Jakarta - Wakil Ketua MPR RI, Edhie Baskoro Yudhoyono (Ibas) berbincang langsung dengan ratusan pekerja, buruh, pelaku UMKM, dan pengemudi ojek online di Kabupaten Trenggalek. Dialog ini dilakukan dalam agenda Sosialisasi 4 Pilar Kebangsaan MPR RI berjudul 'Buruh Kuat, Serikat Bersatu, Indonesia Maju Sejahtera'.

Pada aktivitas ini, beragam aspirasi disampaikan mulai dari kondisi lapangan kerja, perlindungan sosial, kesejahteraan pekerja, hingga angan masyarakat mini agar terus mendapat perhatian negara.

Ibas menilai persoalan ketenagakerjaan bukan sekadar nomor pertumbuhan ekonomi semata. Di baliknya, ada perjuangan masyarakat untuk memenuhi kebutuhan keluarga, membiayai pendidikan anak, hingga menjaga angan agar kehidupan mereka menjadi lebih baik dari hari ke hari.

"Selamat Hari Buruh 1 Mei 2026. Semoga para pekerja semakin sehat, kuat, maju, dan semakin sejahtera untuk Indonesia nan kita cintai bersama," ujar Ibas dalam keterangannya, Minggu (10/5/2026).

Ibas pun membujuk masyarakat untuk terus berterima kasih atas kesempatan bekerja dan hidup tenteram di tengah beragam tantangan ekonomi nan dihadapi saat ini. Namun menurutnya, rasa syukur juga kudu dibarengi dengan keberpihakan negara terhadap kesejahteraan para pekerja.

Sebagai Anggota DPR RI dari Daerah Pemilihan Jawa Timur VII, Ibas menegaskan bakal terus mengawal izin ketenagakerjaan agar berpihak pada pekerja dan bisa menciptakan keseimbangan nan sehat antara pekerja, pengusaha, dan pemerintah.

"Pemerintah daerah, pekerja, dan pengusaha kudu terus berdialog. Tiga unsur ini tidak bisa berdiri sendiri dalam membangun kesejahteraan bersama," ungkap Ibas.

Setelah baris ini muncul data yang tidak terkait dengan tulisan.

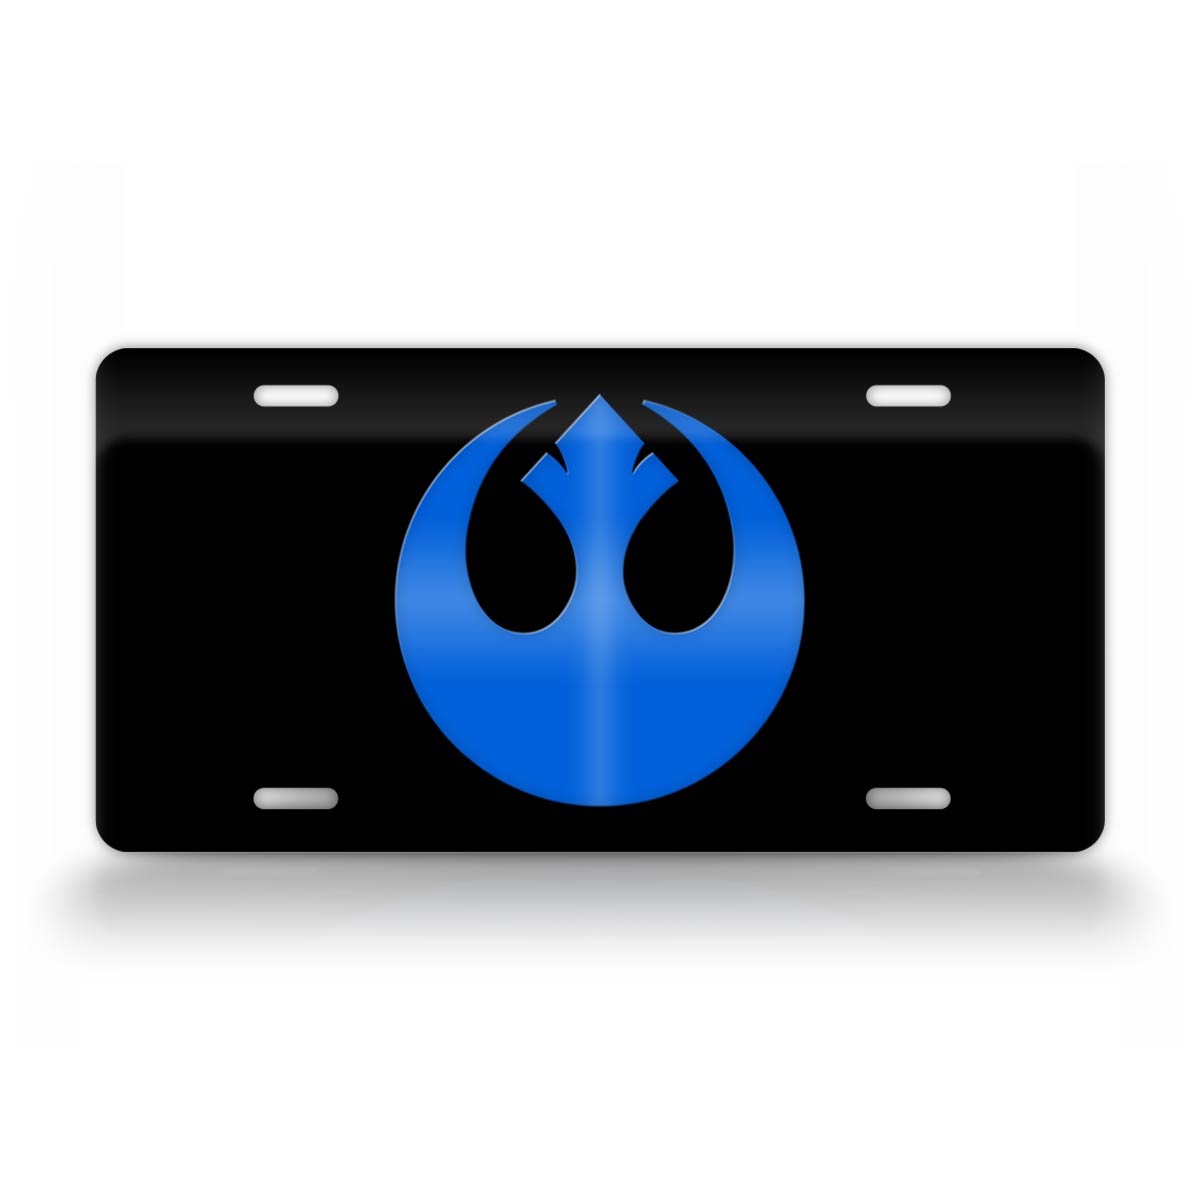 Blue Star Wars Rebel Alliance Emblem License Plate

Ibas menegaskan setiap keresahan masyarakat kudu dijawab dengan solusi dan program nyata nan bisa langsung dirasakan manfaatnya. Mulai dari akses KUR untuk pekerja dan pelaku upaya kecil, program training dan peningkatan kapabilitas tenaga kerja, perlindungan BPJS Ketenagakerjaan dan BPJS Kesehatan, agunan persalinan bagi pekerja perempuan, hingga perlindungan agar tidak terjadi PHK sepihak.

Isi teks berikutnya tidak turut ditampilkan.